(Beginning of Given material)
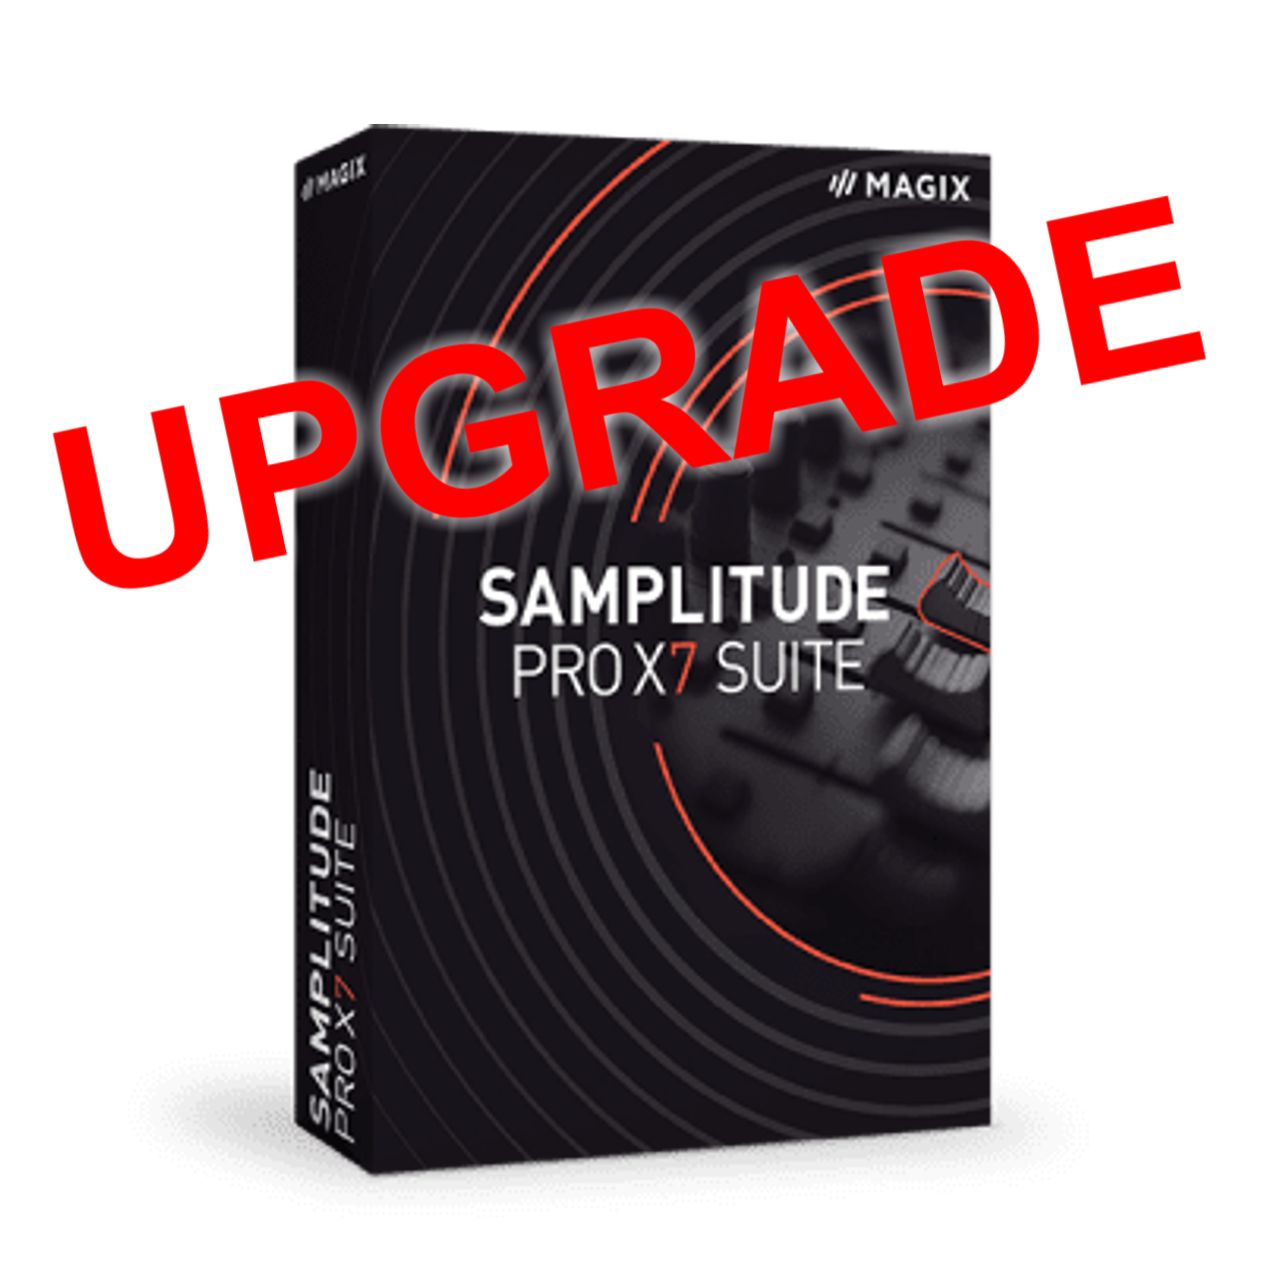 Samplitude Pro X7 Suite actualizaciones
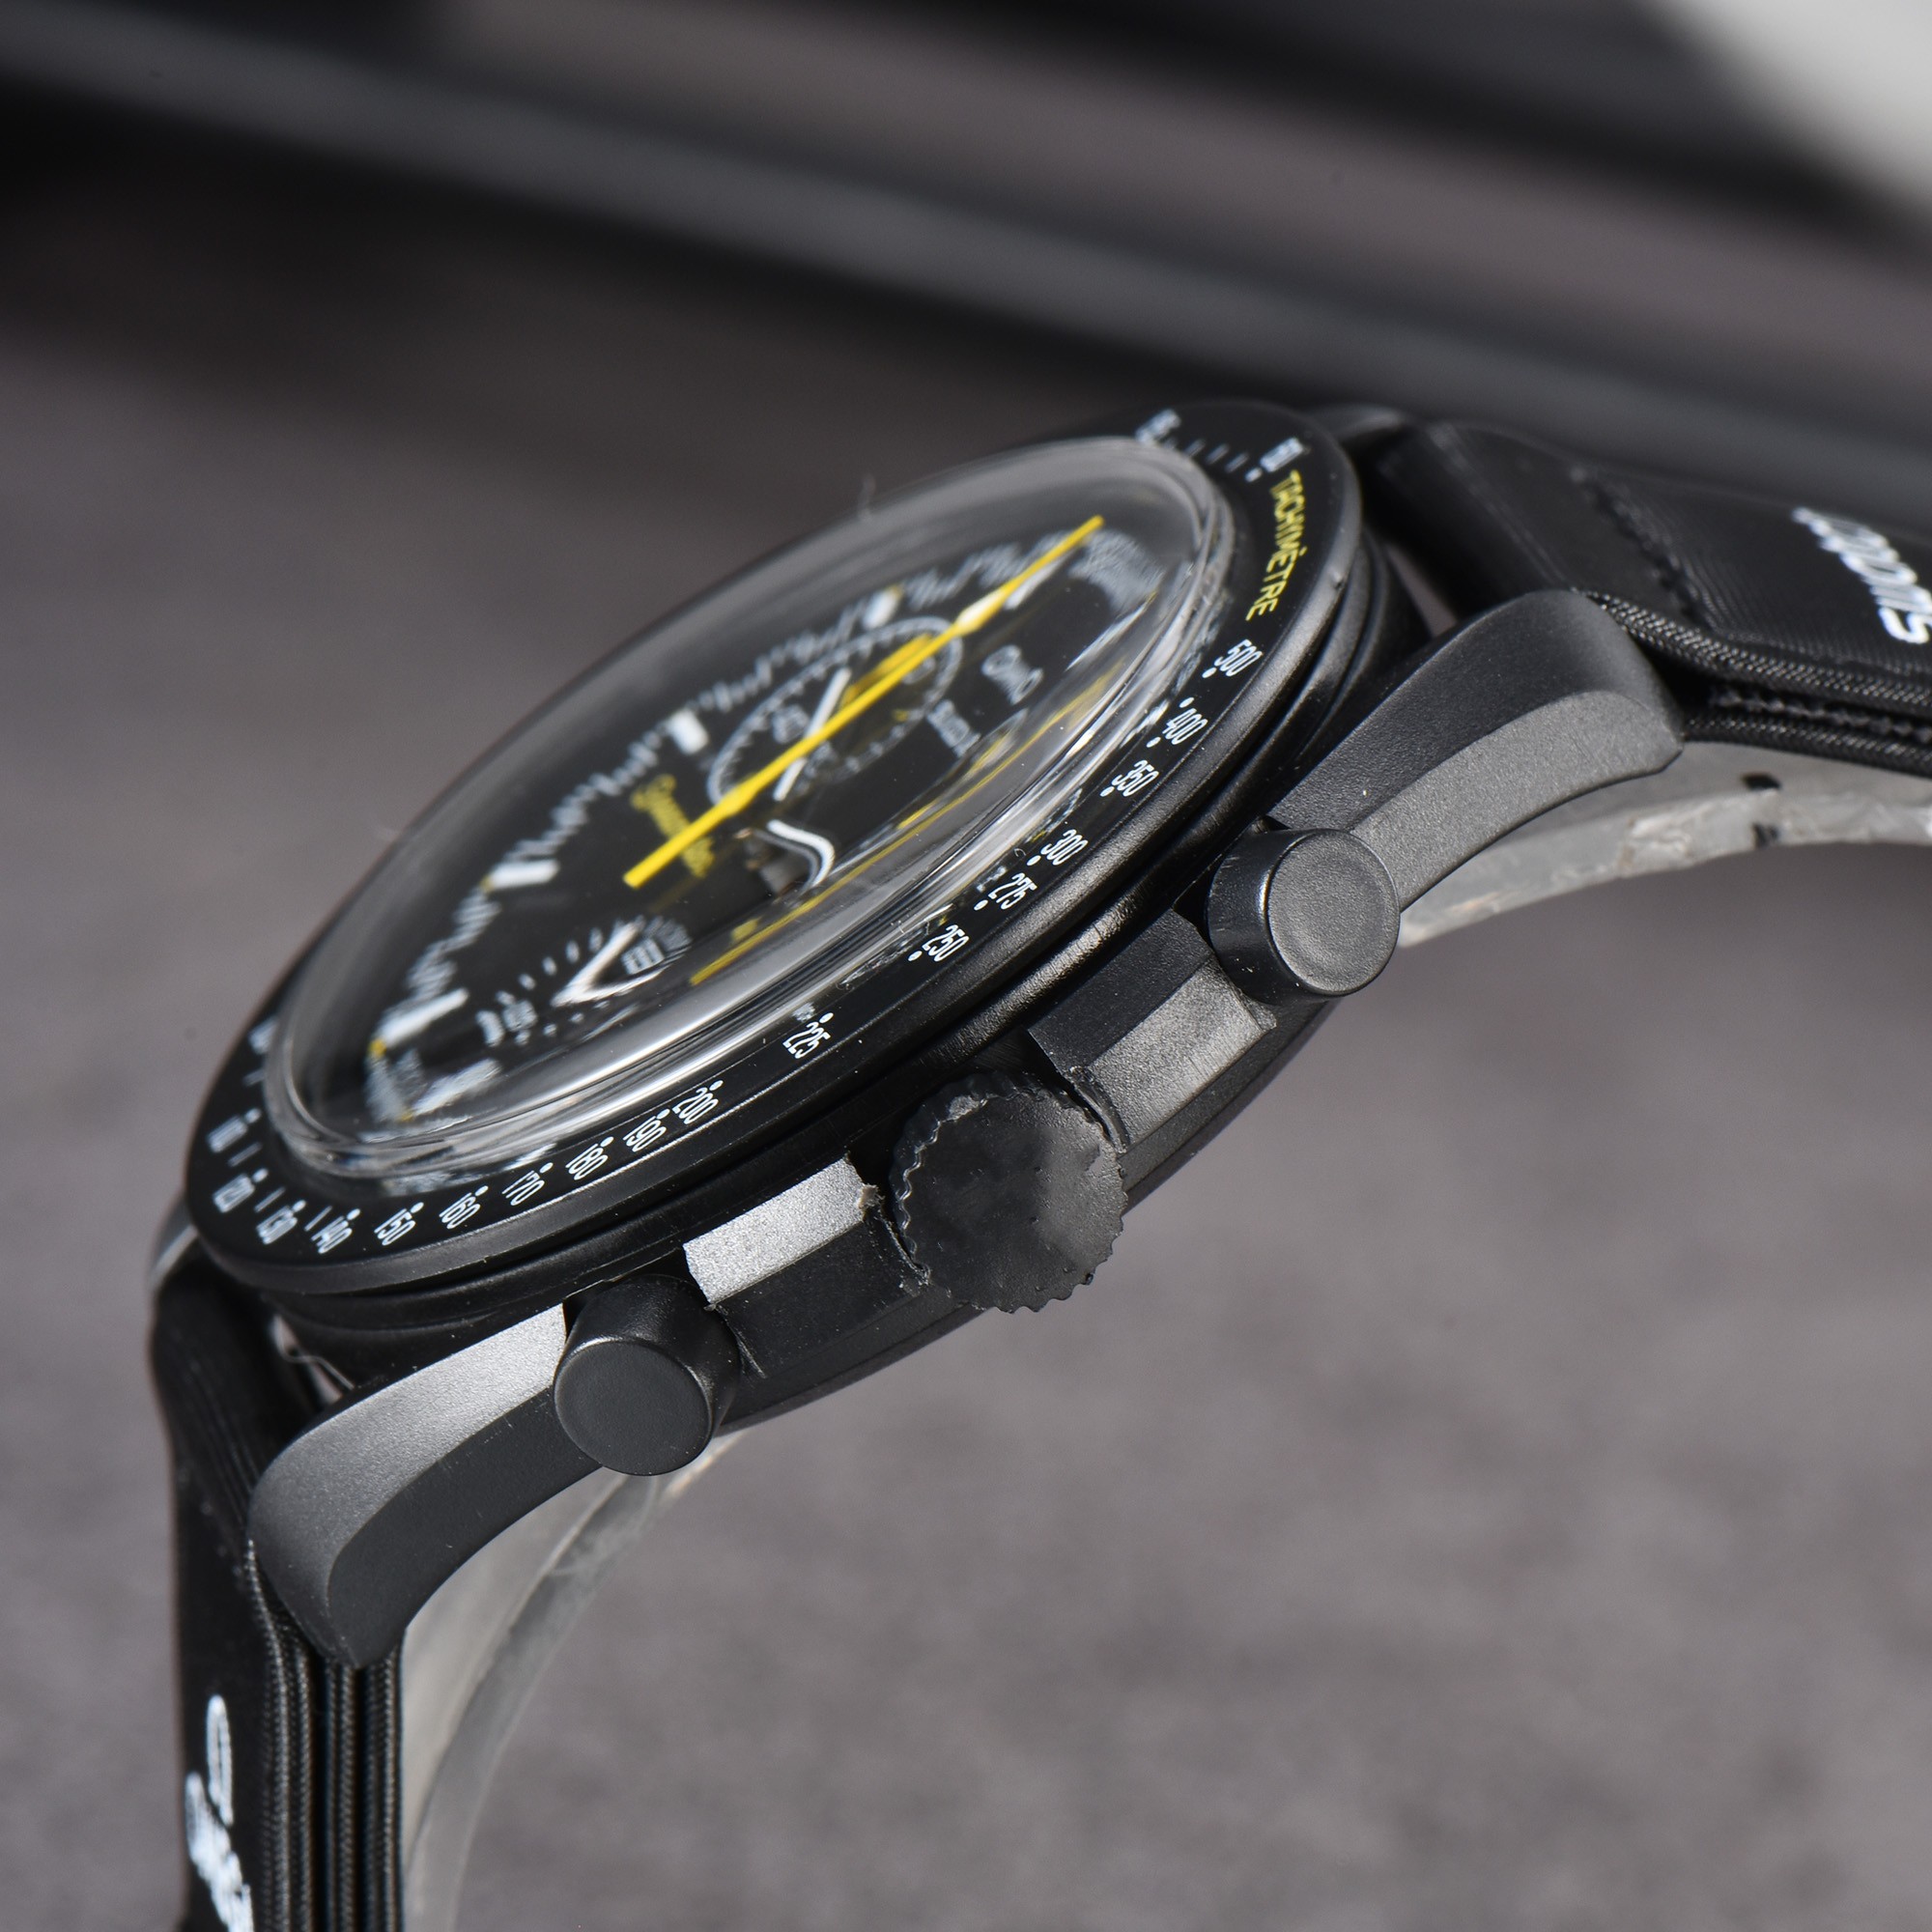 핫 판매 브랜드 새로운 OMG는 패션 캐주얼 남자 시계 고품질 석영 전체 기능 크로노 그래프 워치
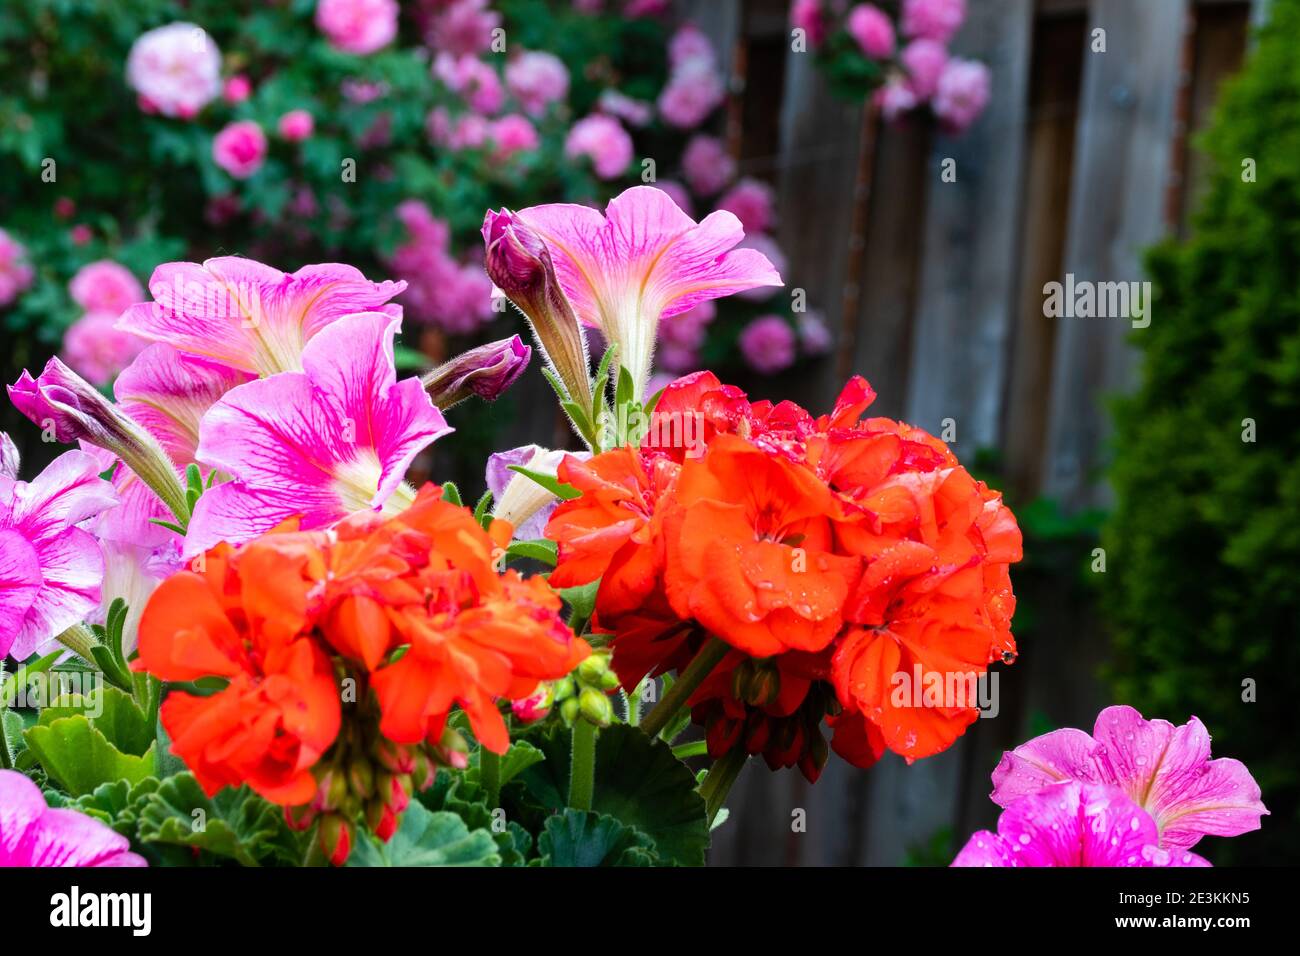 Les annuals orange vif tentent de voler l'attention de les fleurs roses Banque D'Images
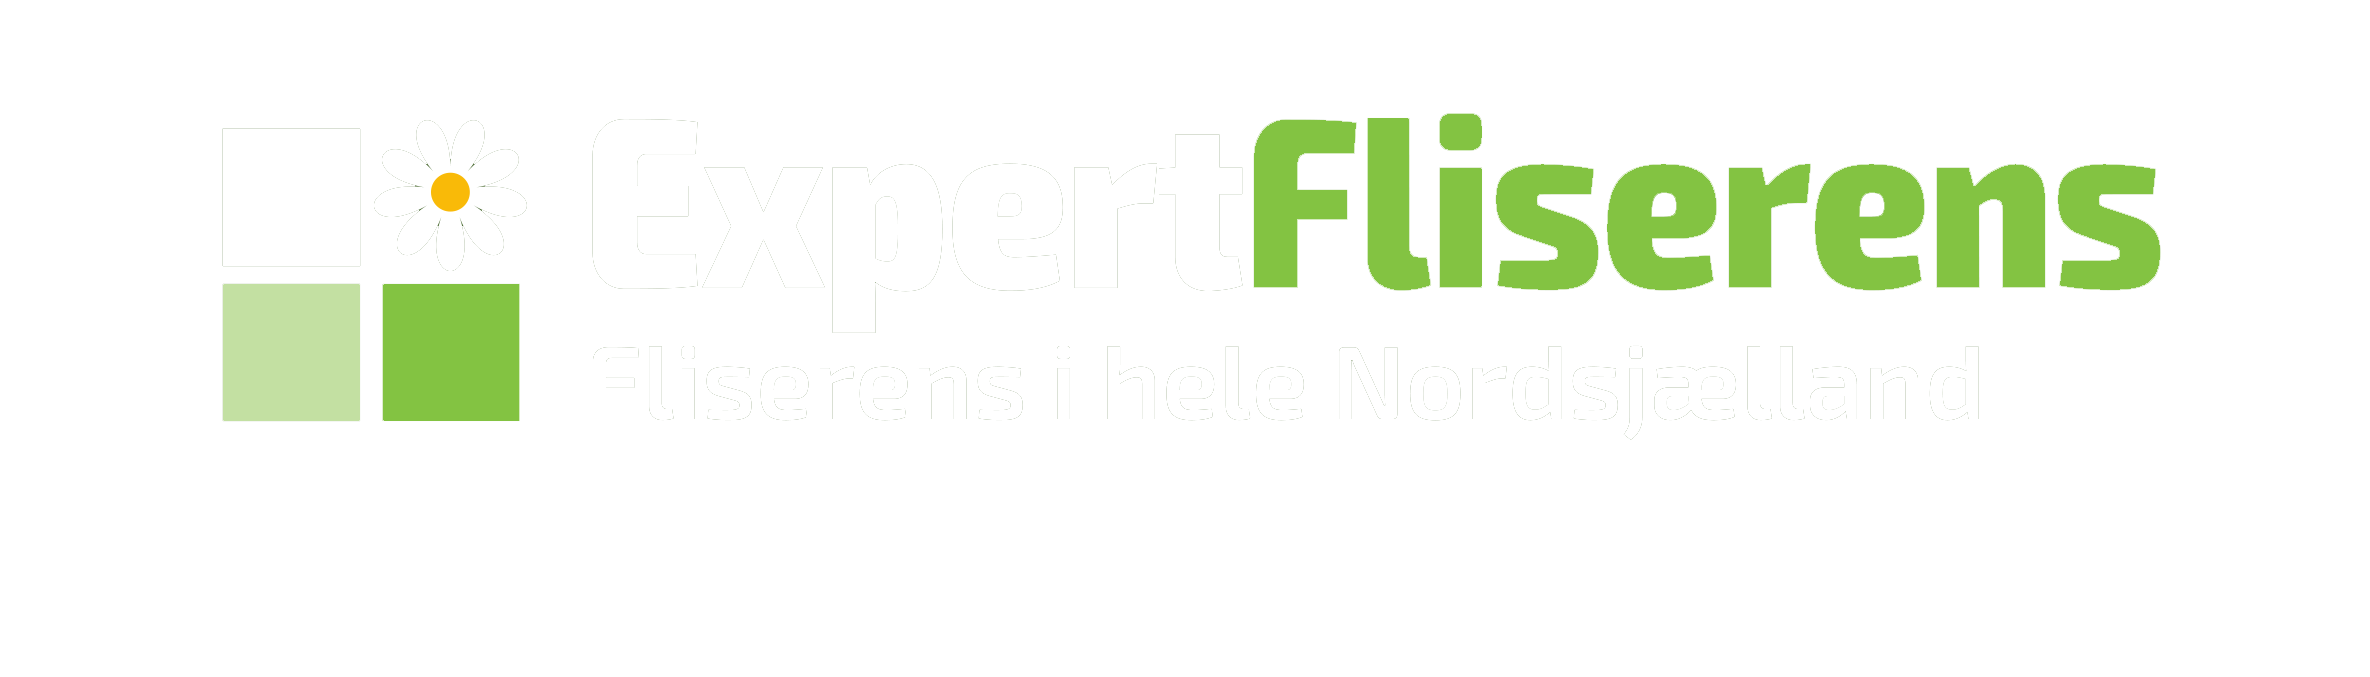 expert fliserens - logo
(End of Given material)
_About this task_
What is wanted is the listing, written out exactly, with each picture removed.

_Result of the task_
 Samplitude Pro X7 Suite actualizaciones
 핫 판매 브랜드 새로운 OMG는 패션 캐주얼 남자 시계 고품질 석영 전체 기능 크로노 그래프 워치
 Les annuals orange vif tentent de voler l'attention de les fleurs roses Banque D'Images
 expert fliserens - logo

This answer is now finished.